§ Task item
In this exercise, return the whole listing exactly, excluding any images.

§ Dataset content
_ _ _ _

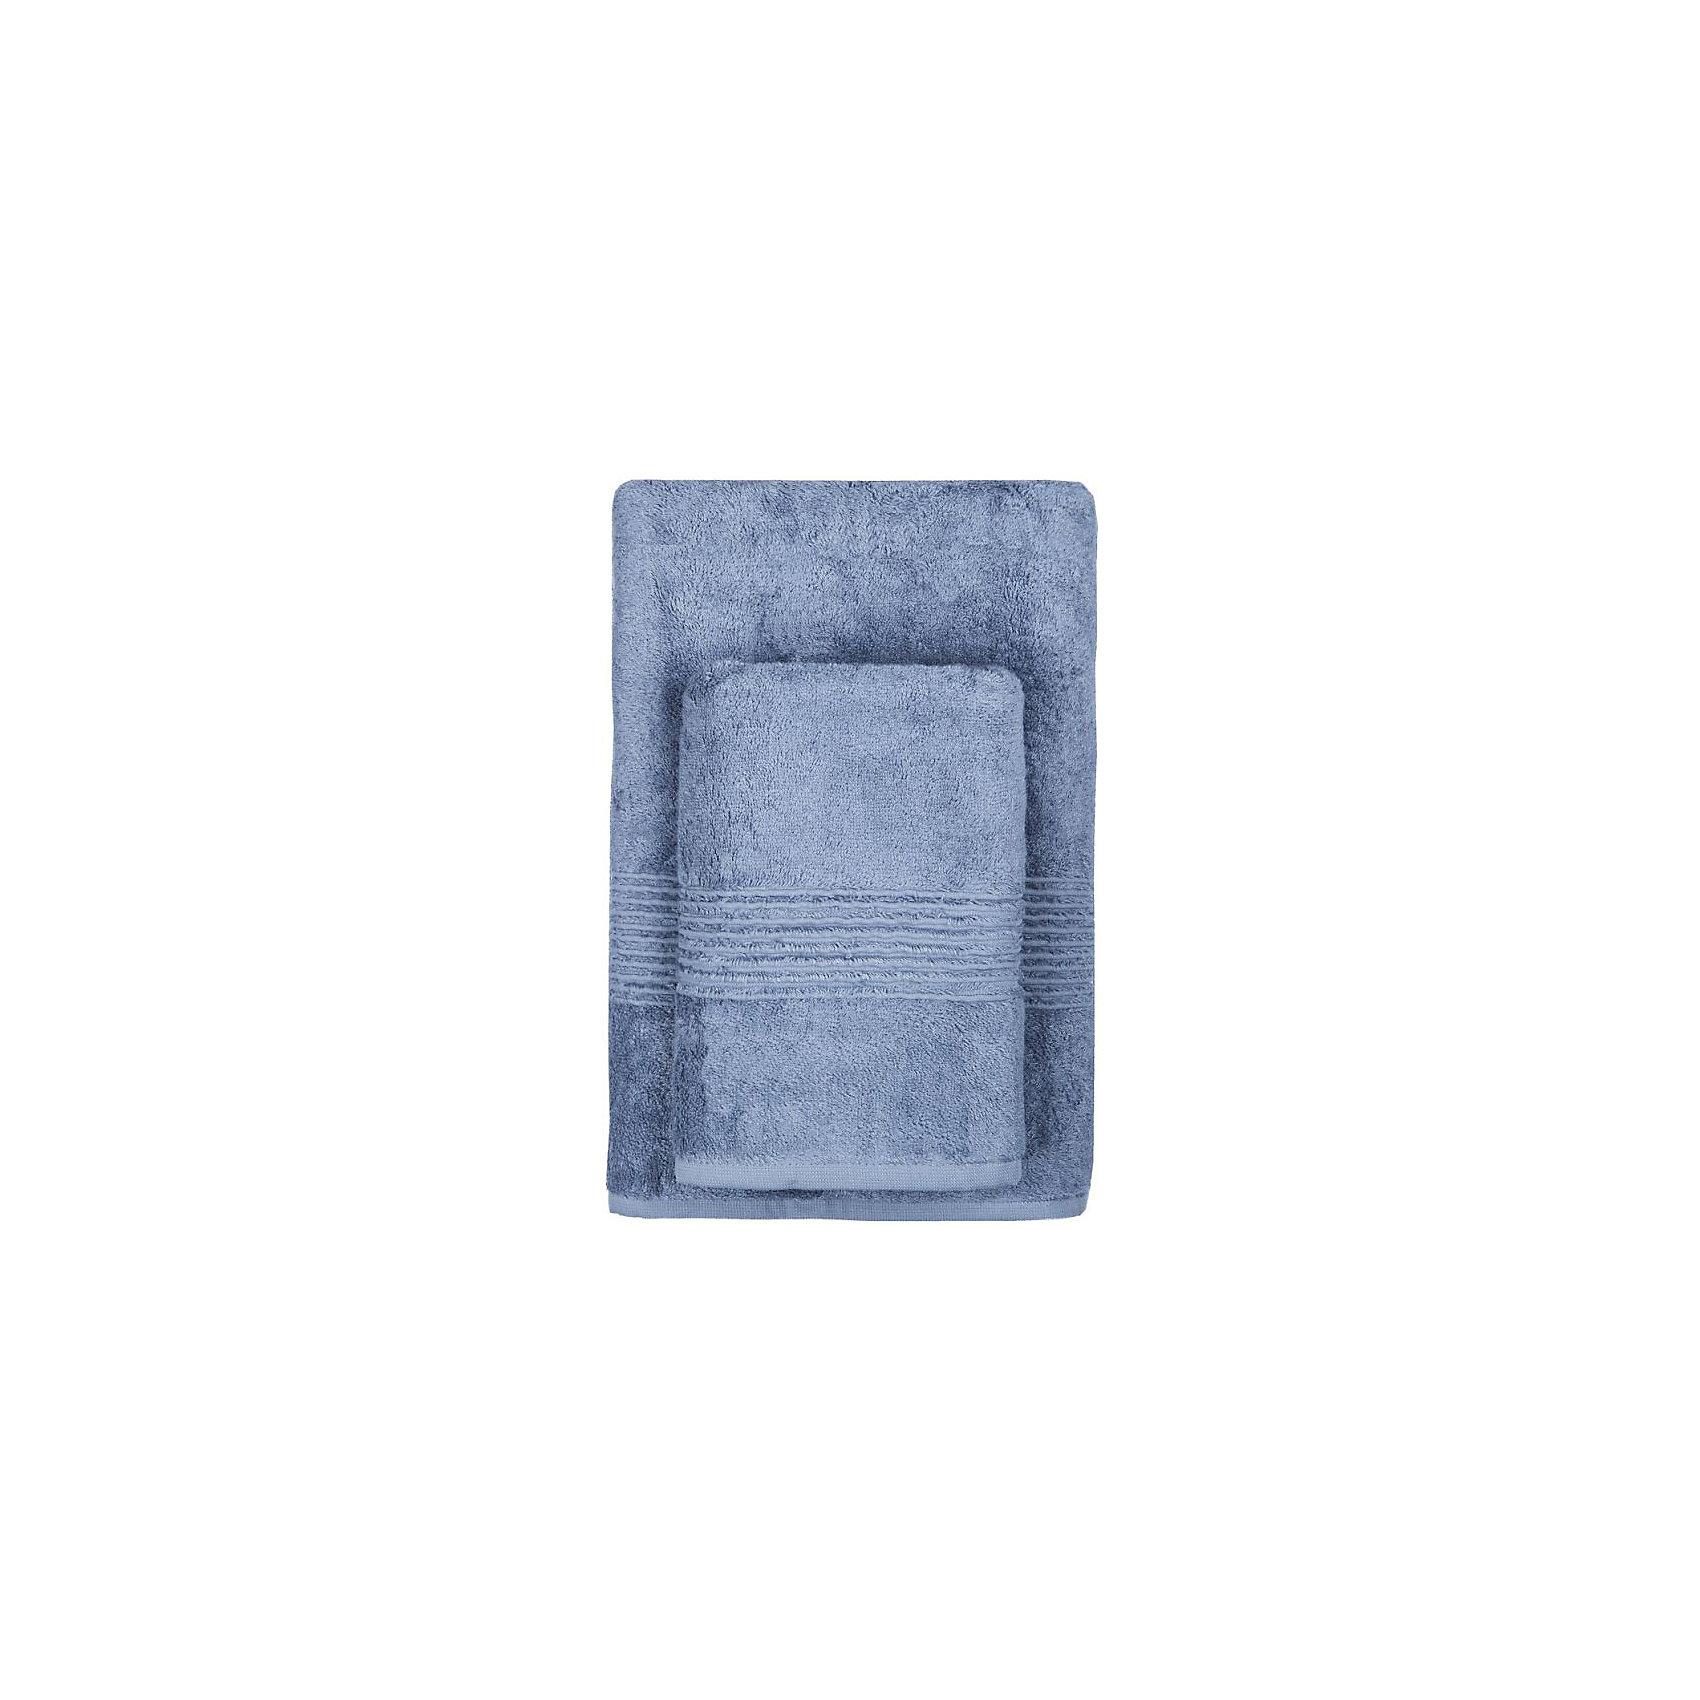 Полотенце махровое Maison Bambu, 70*140, TAC, синий (k.mavi)Ванная комната<br>Характеристики:<br><br>• Вид домашнего текстиля: махровое полотенце<br>• Размеры полотенца: 70*140 см<br>• Рисунок: без рисунка<br>• Декоративные элементы: бордюр<br>• Материал: хлопок, 50% хлопок; бамбук, 50%<br>• Цвет: синий<br>• Плотность полотна: 550 гр/м2 <br>• Вес: 550 г<br>• Размеры упаковки (Д*Ш*В): 37*5*25 см<br>• Особенности ухода: машинная стирка <br><br>Полотенце махровое Maison Bambu, 70*140, TAC, синий (k.mavi) от наиболее популярного бренда на отечественном рынке среди производителей комплектов постельного белья и текстильных принадлежностей, выпуском которого занимается производственная компания, являющаяся частью мирового холдинга Zorlu Holding Textiles Group. Полотенце выполнено из сочетания натурального хлопка и бамбукового волокна, что обеспечивает гипоаллергенность, высокую износоустойчивость, повышенные гигкоскопические и антибактериальные свойства изделия. <br><br>Благодаря высокой степени плотности махры, полотенце отлично впитывает влагу, но при этом остается мягким. Ворс окрашен стойкими нетоксичными красителями, который не оставляет запаха и обеспечивает ровный окрас. Полотенце сохраняет свой цвет и форму даже при частых стирках. Выполнено в синем цвете без рисунка, декорировано бордюром.<br><br>Полотенце махровое Maison Bambu, 70*140, TAC, синий (k.mavi) можно купить в нашем интернет-магазине.<br><br>Ширина мм: 250<br>Глубина мм: 30<br>Высота мм: 350<br>Вес г: 500<br>Возраст от месяцев: 216<br>Возраст до месяцев: 1188<br>Пол: Унисекс<br>Возраст: Детский<br>SKU: 5476329
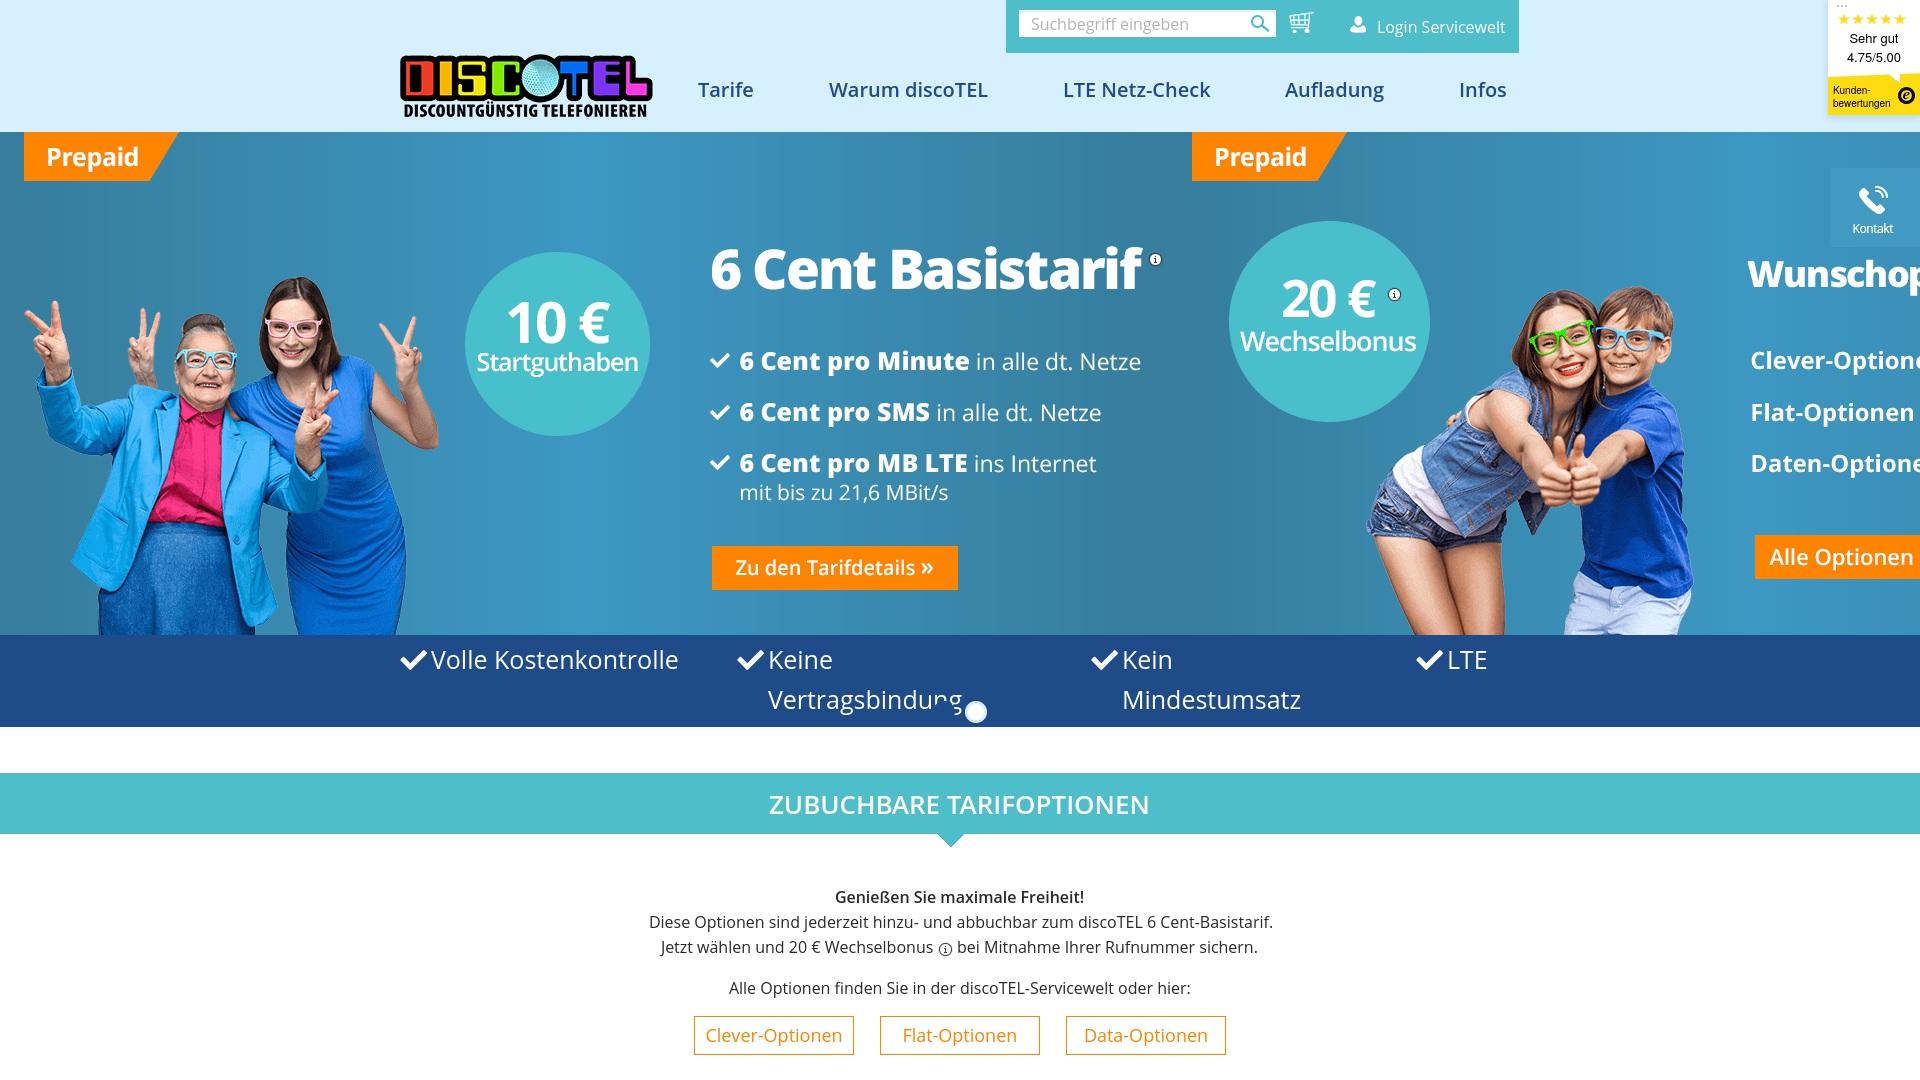 Gutschein für Discotel: Rabatte für  Discotel sichern
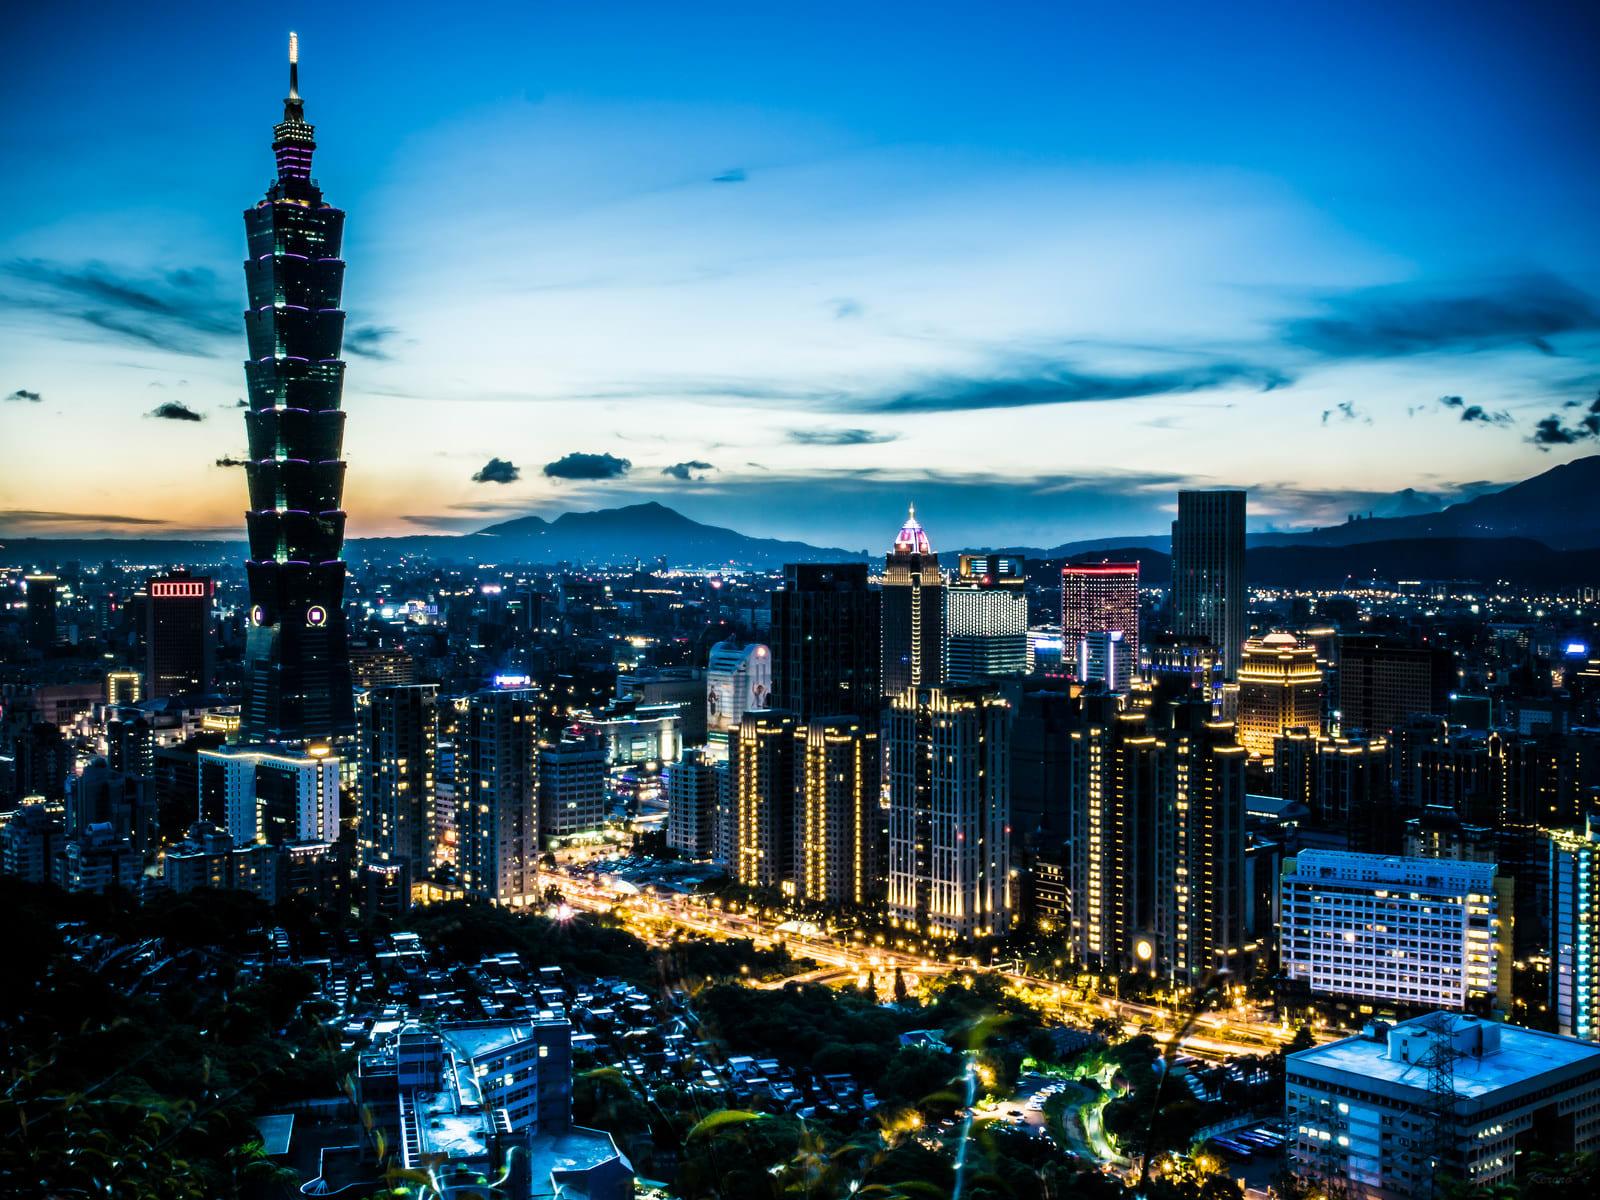 一 眼 望 穿 , 台 北 的 榮 景 Photo | flickr cc editor 中岑 范姜

_ _ _ _

§ Solution to this exercise
 Полотенце махровое Maison Bambu, 70*140, TAC, синий (k.mavi)Ванная комната<br>Характеристики:<br><br>• Вид домашнего текстиля: махровое полотенце<br>• Размеры полотенца: 70*140 см<br>• Рисунок: без рисунка<br>• Декоративные элементы: бордюр<br>• Материал: хлопок, 50% хлопок; бамбук, 50%<br>• Цвет: синий<br>• Плотность полотна: 550 гр/м2 <br>• Вес: 550 г<br>• Размеры упаковки (Д*Ш*В): 37*5*25 см<br>• Особенности ухода: машинная стирка <br><br>Полотенце махровое Maison Bambu, 70*140, TAC, синий (k.mavi) от наиболее популярного бренда на отечественном рынке среди производителей комплектов постельного белья и текстильных принадлежностей, выпуском которого занимается производственная компания, являющаяся частью мирового холдинга Zorlu Holding Textiles Group. Полотенце выполнено из сочетания натурального хлопка и бамбукового волокна, что обеспечивает гипоаллергенность, высокую износоустойчивость, повышенные гигкоскопические и антибактериальные свойства изделия. <br><br>Благодаря высокой степени плотности махры, полотенце отлично впитывает влагу, но при этом остается мягким. Ворс окрашен стойкими нетоксичными красителями, который не оставляет запаха и обеспечивает ровный окрас. Полотенце сохраняет свой цвет и форму даже при частых стирках. Выполнено в синем цвете без рисунка, декорировано бордюром.<br><br>Полотенце махровое Maison Bambu, 70*140, TAC, синий (k.mavi) можно купить в нашем интернет-магазине.<br><br>Ширина мм: 250<br>Глубина мм: 30<br>Высота мм: 350<br>Вес г: 500<br>Возраст от месяцев: 216<br>Возраст до месяцев: 1188<br>Пол: Унисекс<br>Возраст: Детский<br>SKU: 5476329
 Gutschein für Discotel: Rabatte für  Discotel sichern
 一 眼 望 穿 , 台 北 的 榮 景 Photo | flickr cc editor 中岑 范姜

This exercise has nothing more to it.